§ **Task goal**: In the entries below, find the line with "RZ-3D-new-3D-View-חזית-דרומית" and print exactly every line from there up to and including the line with "Luna Mahogany Series", with no other lines.

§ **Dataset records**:
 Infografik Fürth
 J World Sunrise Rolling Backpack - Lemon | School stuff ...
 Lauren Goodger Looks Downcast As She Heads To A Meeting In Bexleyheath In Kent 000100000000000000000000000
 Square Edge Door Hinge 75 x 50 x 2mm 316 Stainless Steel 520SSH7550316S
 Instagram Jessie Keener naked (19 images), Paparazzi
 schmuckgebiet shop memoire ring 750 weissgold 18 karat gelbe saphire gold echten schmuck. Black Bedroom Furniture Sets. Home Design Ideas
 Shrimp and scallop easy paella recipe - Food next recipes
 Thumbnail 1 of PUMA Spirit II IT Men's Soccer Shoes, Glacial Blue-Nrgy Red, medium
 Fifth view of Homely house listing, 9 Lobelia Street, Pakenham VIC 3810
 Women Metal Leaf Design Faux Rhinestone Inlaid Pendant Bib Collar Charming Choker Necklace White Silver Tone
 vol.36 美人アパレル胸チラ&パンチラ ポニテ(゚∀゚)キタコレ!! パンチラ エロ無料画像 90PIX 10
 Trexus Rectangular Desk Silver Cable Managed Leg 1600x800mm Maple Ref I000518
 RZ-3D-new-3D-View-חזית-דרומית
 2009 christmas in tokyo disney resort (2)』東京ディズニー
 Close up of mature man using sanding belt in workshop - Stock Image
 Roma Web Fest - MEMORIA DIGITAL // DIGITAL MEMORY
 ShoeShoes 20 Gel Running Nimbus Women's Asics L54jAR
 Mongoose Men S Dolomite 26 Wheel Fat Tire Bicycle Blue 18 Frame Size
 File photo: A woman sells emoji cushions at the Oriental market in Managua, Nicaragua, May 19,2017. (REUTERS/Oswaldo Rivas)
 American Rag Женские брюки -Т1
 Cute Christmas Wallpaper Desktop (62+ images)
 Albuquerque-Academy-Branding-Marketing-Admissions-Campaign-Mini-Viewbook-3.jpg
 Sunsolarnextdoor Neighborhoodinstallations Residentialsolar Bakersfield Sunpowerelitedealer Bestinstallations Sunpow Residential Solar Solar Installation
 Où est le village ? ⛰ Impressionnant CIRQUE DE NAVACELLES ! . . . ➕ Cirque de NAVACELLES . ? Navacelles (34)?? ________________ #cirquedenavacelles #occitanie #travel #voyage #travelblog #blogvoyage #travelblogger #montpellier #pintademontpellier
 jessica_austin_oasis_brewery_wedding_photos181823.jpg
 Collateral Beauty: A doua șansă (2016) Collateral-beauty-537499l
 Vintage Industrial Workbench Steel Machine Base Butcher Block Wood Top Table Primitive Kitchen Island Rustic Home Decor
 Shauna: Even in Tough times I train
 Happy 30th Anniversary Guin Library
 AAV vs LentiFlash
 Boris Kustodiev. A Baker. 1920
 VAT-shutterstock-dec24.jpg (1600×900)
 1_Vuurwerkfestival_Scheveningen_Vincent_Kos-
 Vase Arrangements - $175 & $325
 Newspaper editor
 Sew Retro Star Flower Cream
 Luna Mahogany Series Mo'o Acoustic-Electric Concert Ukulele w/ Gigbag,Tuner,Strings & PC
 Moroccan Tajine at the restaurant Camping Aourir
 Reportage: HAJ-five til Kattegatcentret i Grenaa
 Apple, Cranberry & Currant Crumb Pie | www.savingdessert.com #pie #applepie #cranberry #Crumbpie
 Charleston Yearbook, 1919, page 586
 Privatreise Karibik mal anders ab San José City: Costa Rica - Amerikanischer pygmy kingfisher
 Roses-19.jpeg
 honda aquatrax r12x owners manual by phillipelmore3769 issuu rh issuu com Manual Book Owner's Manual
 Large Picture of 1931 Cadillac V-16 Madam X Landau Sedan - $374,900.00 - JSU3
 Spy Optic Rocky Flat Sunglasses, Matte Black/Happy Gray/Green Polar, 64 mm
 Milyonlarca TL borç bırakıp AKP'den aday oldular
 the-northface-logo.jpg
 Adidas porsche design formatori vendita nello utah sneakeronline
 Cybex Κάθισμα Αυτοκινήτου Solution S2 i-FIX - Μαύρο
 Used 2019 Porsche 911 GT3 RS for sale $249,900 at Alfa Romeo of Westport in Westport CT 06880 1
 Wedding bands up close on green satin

§ **Your solution**:
 RZ-3D-new-3D-View-חזית-דרומית
 2009 christmas in tokyo disney resort (2)』東京ディズニー
 Close up of mature man using sanding belt in workshop - Stock Image
 Roma Web Fest - MEMORIA DIGITAL // DIGITAL MEMORY
 ShoeShoes 20 Gel Running Nimbus Women's Asics L54jAR
 Mongoose Men S Dolomite 26 Wheel Fat Tire Bicycle Blue 18 Frame Size
 File photo: A woman sells emoji cushions at the Oriental market in Managua, Nicaragua, May 19,2017. (REUTERS/Oswaldo Rivas)
 American Rag Женские брюки -Т1
 Cute Christmas Wallpaper Desktop (62+ images)
 Albuquerque-Academy-Branding-Marketing-Admissions-Campaign-Mini-Viewbook-3.jpg
 Sunsolarnextdoor Neighborhoodinstallations Residentialsolar Bakersfield Sunpowerelitedealer Bestinstallations Sunpow Residential Solar Solar Installation
 Où est le village ? ⛰ Impressionnant CIRQUE DE NAVACELLES ! . . . ➕ Cirque de NAVACELLES . ? Navacelles (34)?? ________________ #cirquedenavacelles #occitanie #travel #voyage #travelblog #blogvoyage #travelblogger #montpellier #pintademontpellier
 jessica_austin_oasis_brewery_wedding_photos181823.jpg
 Collateral Beauty: A doua șansă (2016) Collateral-beauty-537499l
 Vintage Industrial Workbench Steel Machine Base Butcher Block Wood Top Table Primitive Kitchen Island Rustic Home Decor
 Shauna: Even in Tough times I train
 Happy 30th Anniversary Guin Library
 AAV vs LentiFlash
 Boris Kustodiev. A Baker. 1920
 VAT-shutterstock-dec24.jpg (1600×900)
 1_Vuurwerkfestival_Scheveningen_Vincent_Kos-
 Vase Arrangements - $175 & $325
 Newspaper editor
 Sew Retro Star Flower Cream
 Luna Mahogany Series Mo'o Acoustic-Electric Concert Ukulele w/ Gigbag,Tuner,Strings & PC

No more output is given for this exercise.